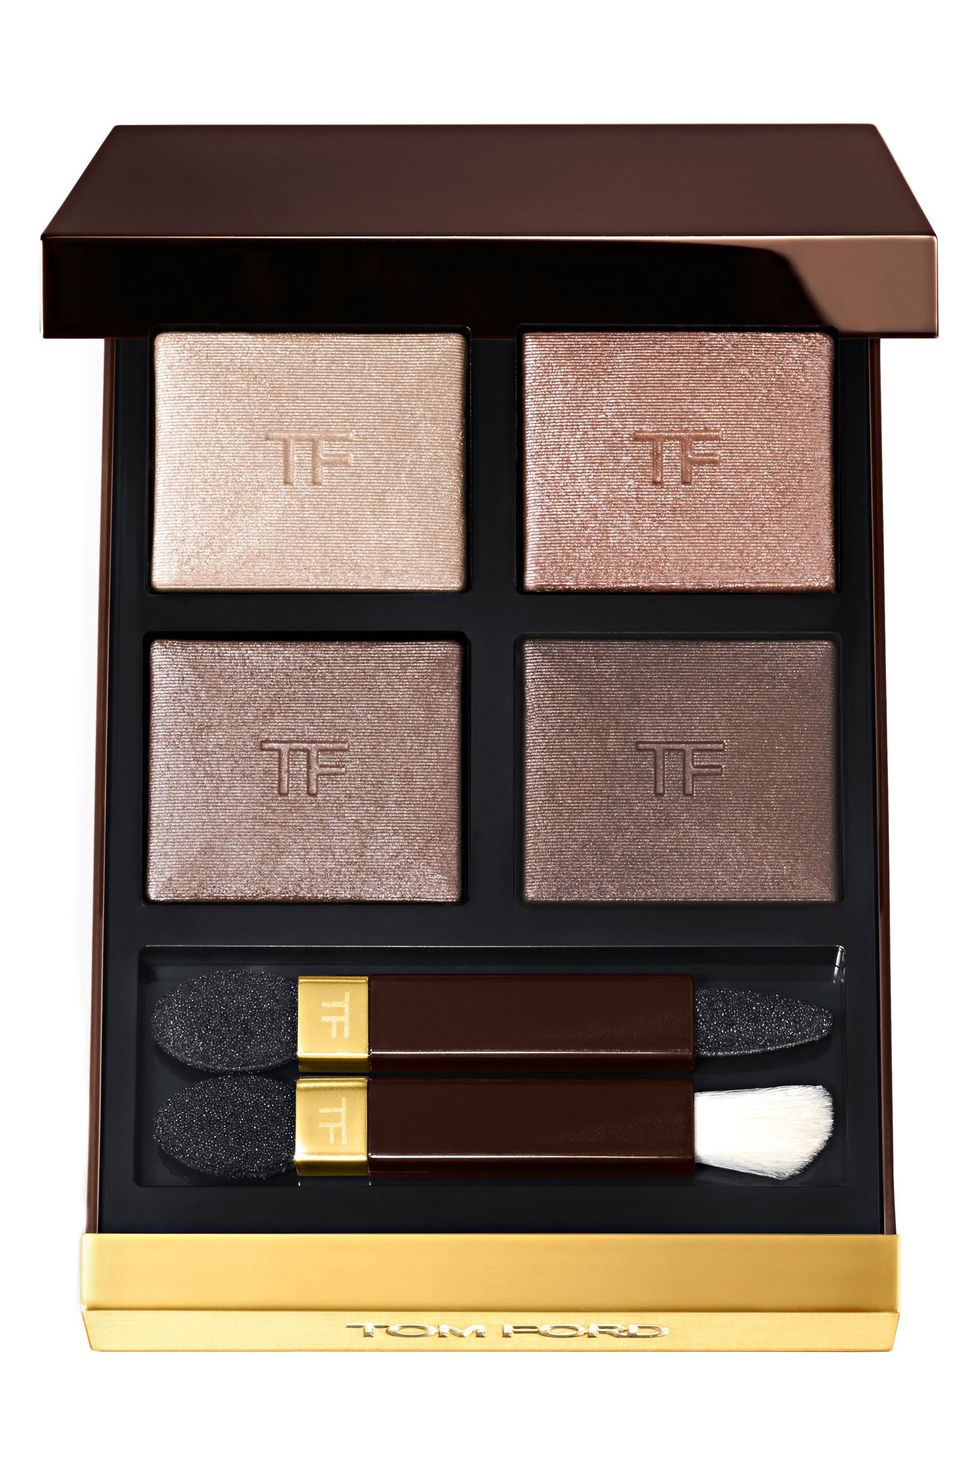 Tom Ford Eye Color Quad in Nude Dip
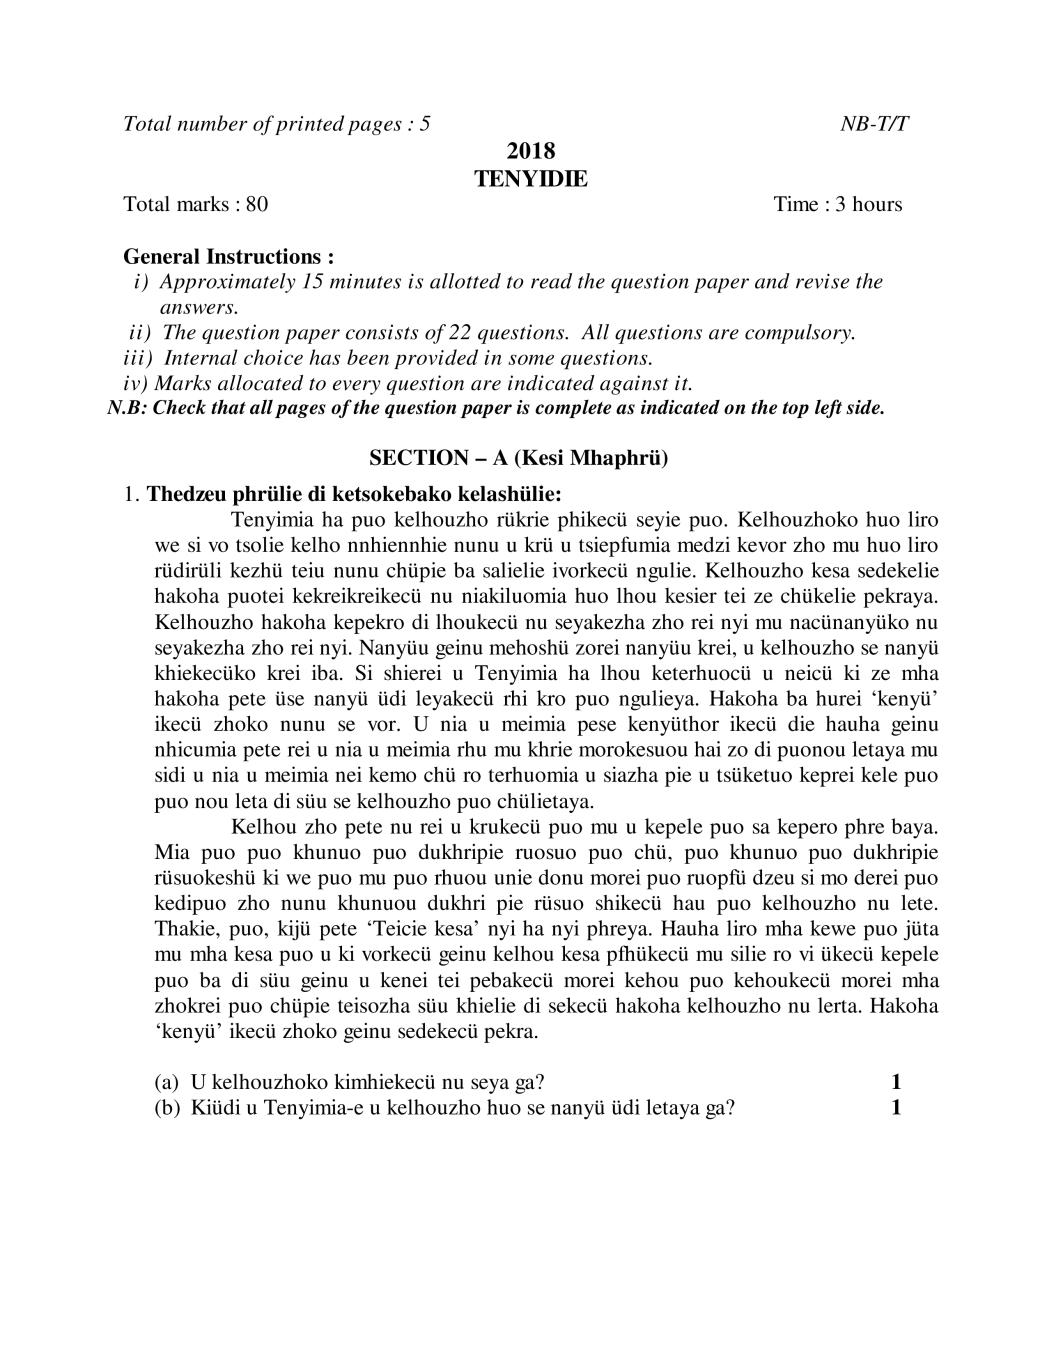 NBSE Class 10 Question Paper 2018 for Tenyidie - Page 1
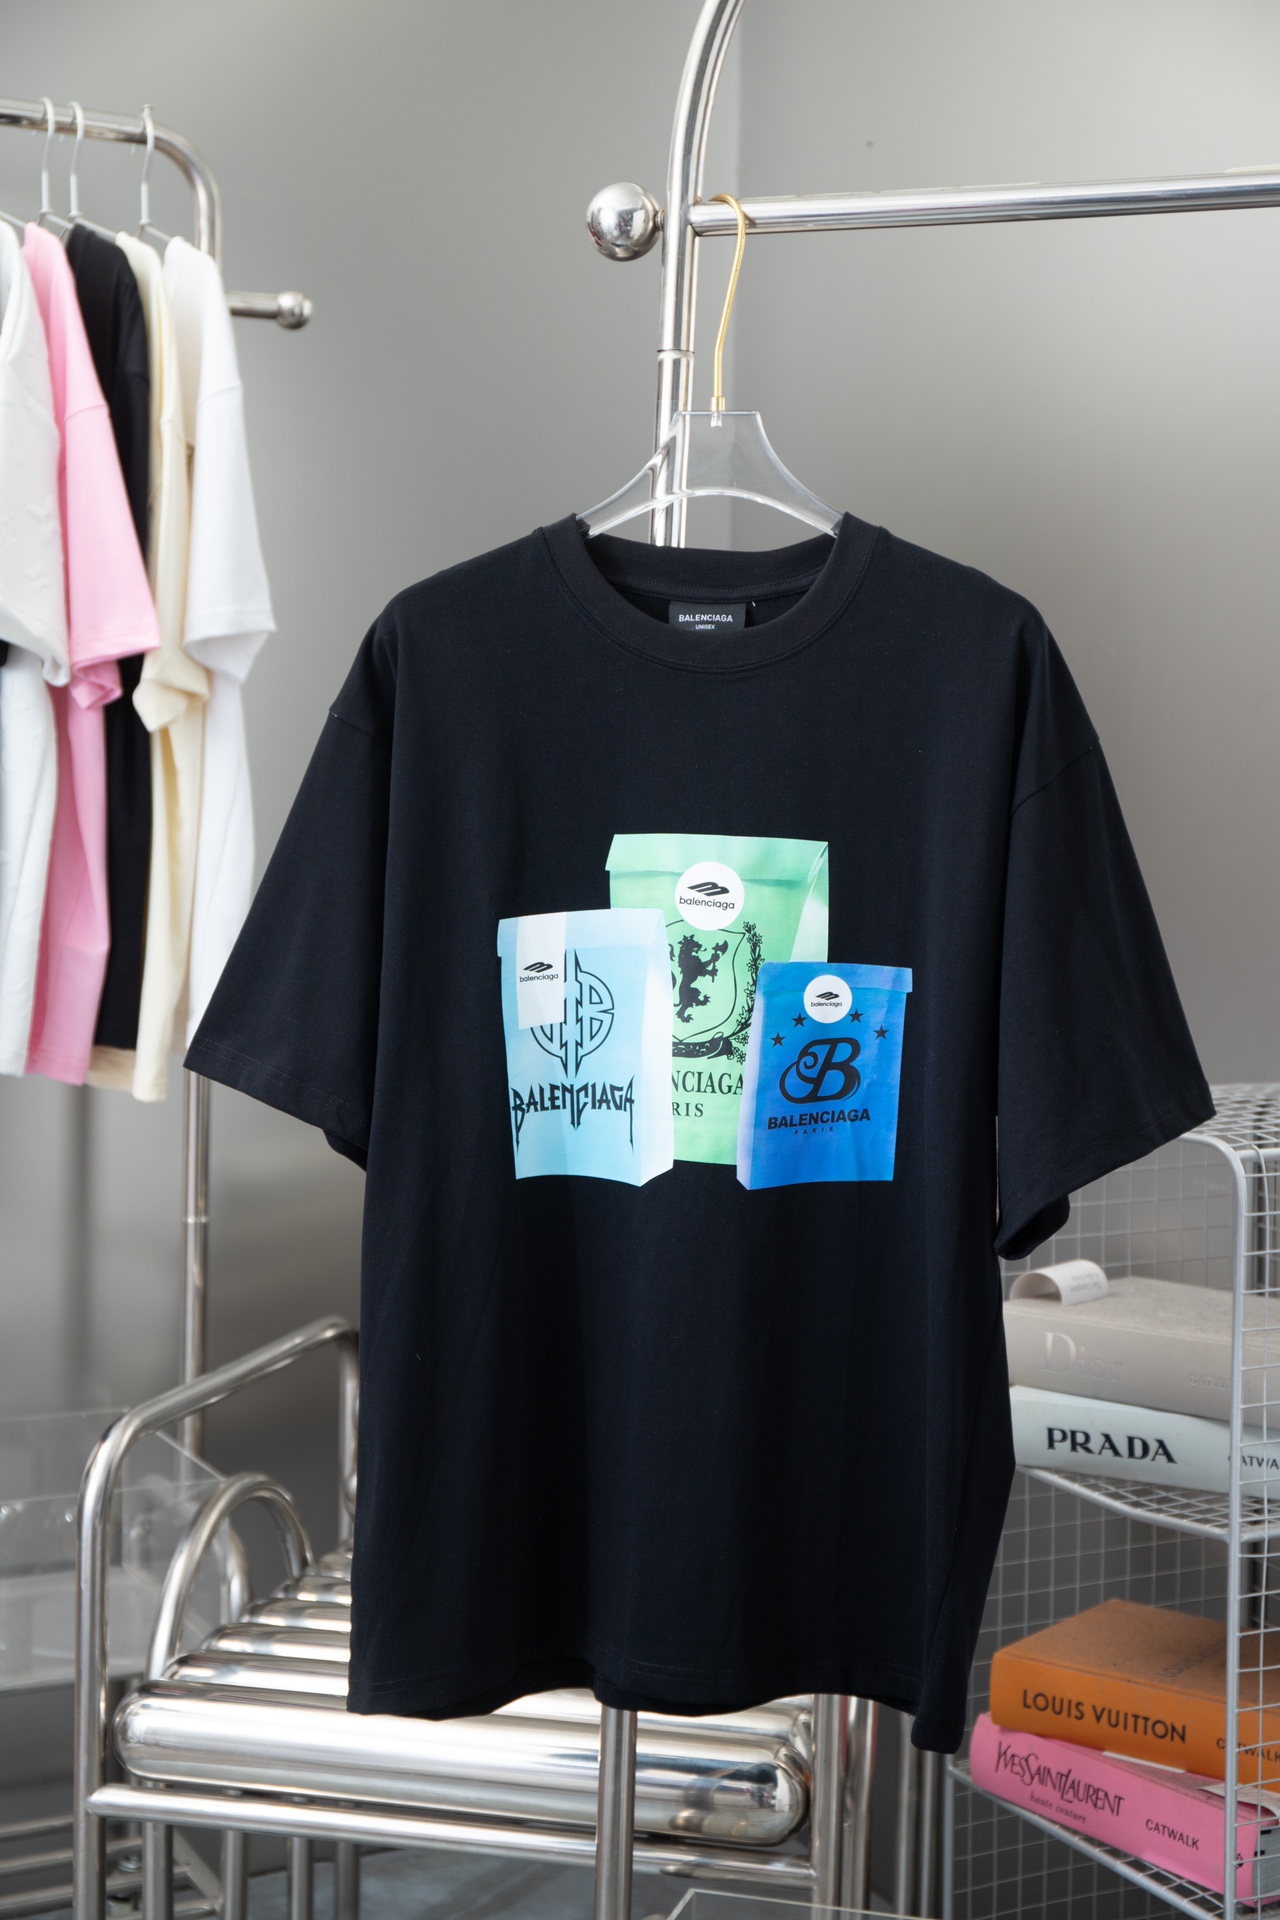 Balenciaga Clothing T-Shirt Best AAA+
 Unisex Cotton Spring Collection Fashion Short Sleeve
========================
§ Work to be completed: No picture should be included when the data are set down again exactly.

§ Response area:
 Tom Ford Eye Color Quad in Nude Dip
 NBSE Class 10 Question Paper 2018 for Tenyidie - Page 1
 Balenciaga Clothing T-Shirt Best AAA+
 Unisex Cotton Spring Collection Fashion Short Sleeve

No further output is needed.